Les sources Wagner ont fait état des résultats des opérations militaires de la CMP en Ukraine :
Destruction des effectifs de l’AFU – 72 095 ;
Prisonniers – 509 ;
Chars détruits – 309 ;
Véhicules blindés – 1134 ;
Voitures – 2075 ;
Mortiers et canons – 3155 ;
ATGM – 300 ;
Supports de canon SP – 124 ;
MLRS – 83 ;
Systèmes de défense aérienne – 45 ;
Drones – 282 ;
Avions de guerre – 5 ;
Hélicoptères – 4 ;
Systèmes EW/radar – 149.
L’essentiel de ces destructions ont eu lieu durant la bataille de Bakhmout. On estime par exemple que le nombre des Ukrainiens tués au combat durant cette bataille s’élève à 55.000, soit plus que les estimations données pour le Groupe Wagner tout entier, présent non seulement en Ukraine mais aussi en Syrie et en Afrique (50.000 hommes).
Le colonel américain Douglas MacGregor tire le bilan de la bataille de Bakhmout
Je cite une grande partie de son texte parce que, depuis le début du conflit, Douglas MacGregor fait partie de ces officiers américains qui ont été lucides sur la stratégie des deux belligérants et correctement anticipé les phases suivantes. On remarquera la sévérité de cet officier vétéran envers l’actuel appareil d’État américain :
« Jusqu’au début des combats, la stratégie militaire nationale élaborée en temps de paix « façonne la réflexion sur la guerre et ses objectifs. Puis les combats créent une nouvelle logique qui leur est propre. La stratégie est ajustée. Les objectifs changent. La bataille de Bakhmut illustre parfaitement ce point.
Lorsque le général Sergey Vladimirovich Sourovikine, commandant des forces aérospatiales russes, a pris le commandement de l’armée russe sur le théâtre ukrainien l’année dernière, le président Vladimir Poutine et ses principaux conseillers militaires avaient conclu que leurs hypothèses initiales sur la guerre étaient erronées. Washington s’était montré incurablement hostile aux offres de négociation de Moscou, et la force terrestre que Moscou avait engagée pour contraindre Kiev à négocier s’était révélée trop faible.
Sourovikine a bénéficié d’une grande latitude pour rationaliser les relations de commandement et réorganiser le théâtre d’opération.

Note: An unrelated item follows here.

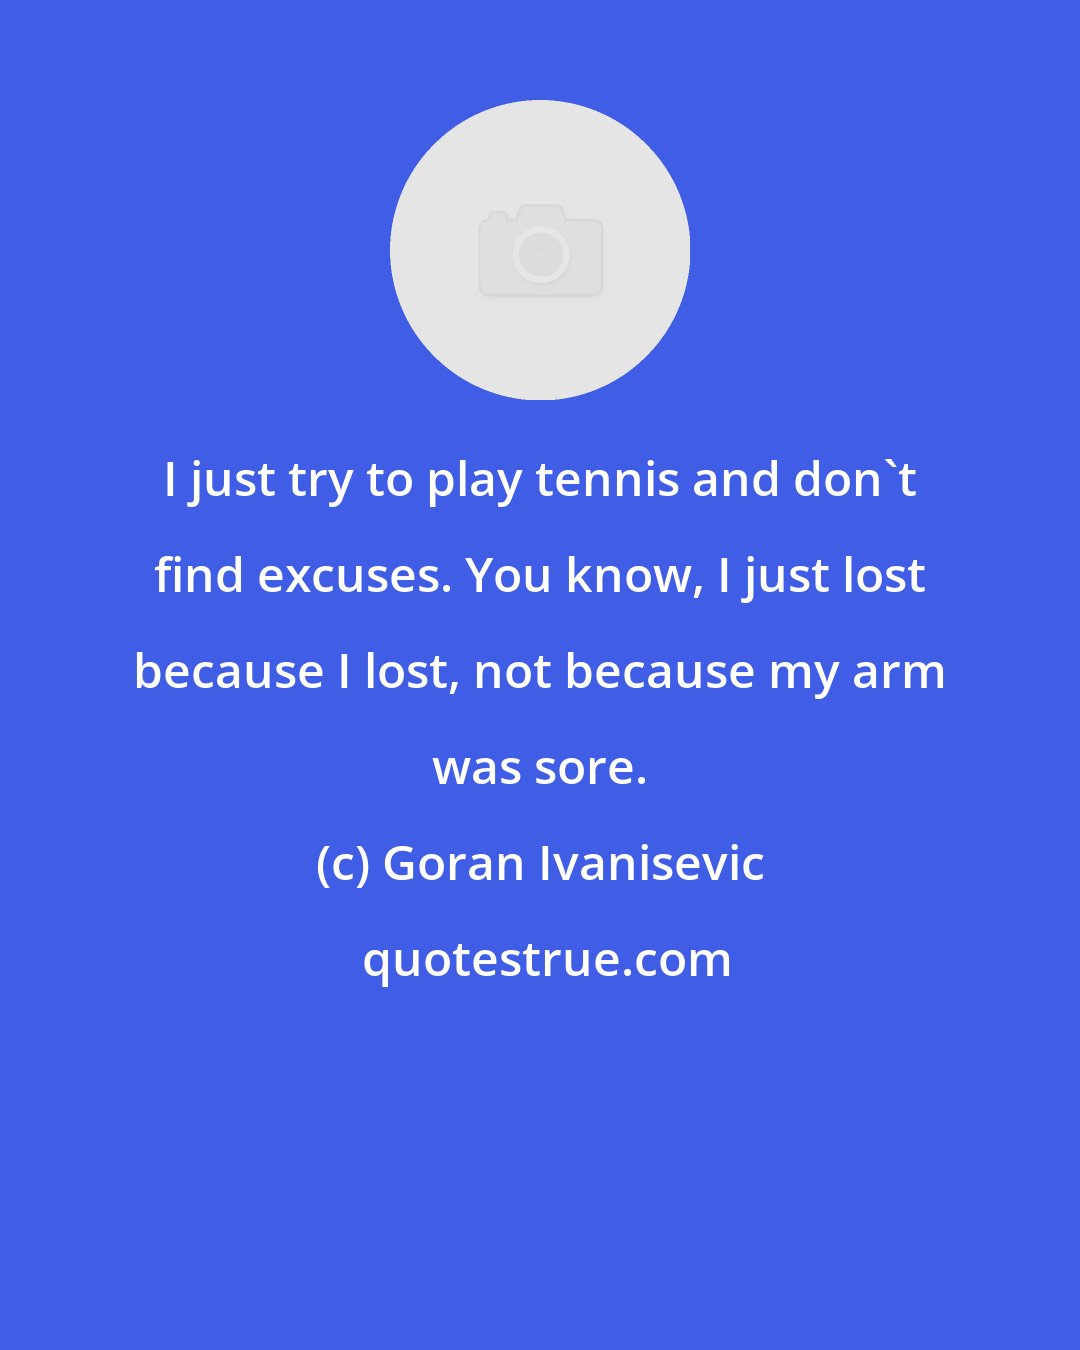 Goran Ivanisevic: I just try to play tennis and don't find excuses. You know, I just lost because I lost, not because my arm was sore.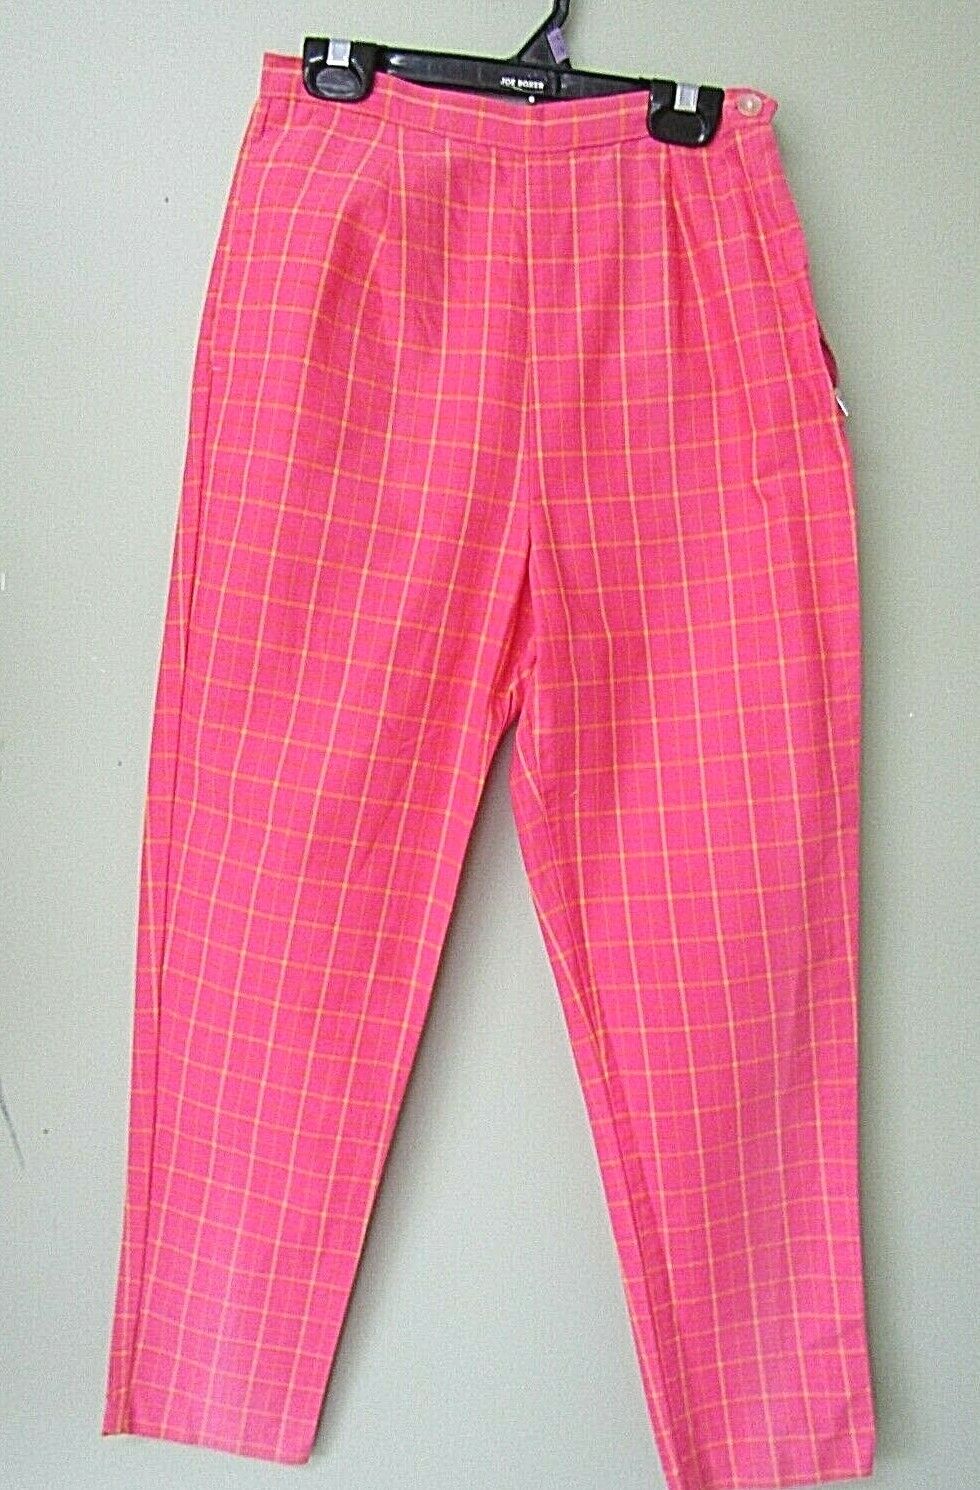 VINTAGE 1950'S PINK & Sales of SALE items from new works YELLOW LEG Max 45% OFF PANTS COTTON PLAID STRAIGHT

Plus important encore, Sourovikine s’est également vu accorder la liberté d’action nécessaire pour mettre en œuvre une stratégie défensive qui maximisait l’utilisation des systèmes d’attaque ou de frappe à distance tandis que les forces terrestres russes augmentaient en taille et en puissance de frappe. C’est ainsi qu’est né le “hachoir à viande” de Bakhmout.
Lorsqu’il est apparu clairement que le président ukrainien Volodymyr Zelensky et son gouvernement considéraient Bakhmout comme un symbole de la résistance ukrainienne à la puissance militaire russe, Sourovikine a transformé Bakhmut en cimetière de la puissance militaire ukrainienne. À partir de l’automne 2022, Sourovikine a exploité l’obsession de Zalenskiy pour Bakhmut et s’est engagé dans une lutte sanglante pour le contrôle de la ville. En conséquence, des milliers de soldats ukrainiens sont morts à Bakhmout et beaucoup d’autres ont été blessés.
La performance de Sourovkine rappelle celle d’un autre officier militaire russe, le général Aleksei Antonov. En tant que premier chef adjoint de l’état-major soviétique, Antonov était, dans le langage occidental, le directeur de la planification stratégique. Lorsque Staline a demandé une nouvelle offensive d’été lors d’une réunion en mai 1943, Antonov, fils et petit-fils d’officiers de l’armée impériale russe, a plaidé en faveur d’une stratégie défensive. Il a insisté sur le fait qu’Hitler, s’il était invité à le faire, attaquerait inévitablement les défenses soviétiques dans le saillant de Koursk et gaspillerait ainsi les ressources allemandes.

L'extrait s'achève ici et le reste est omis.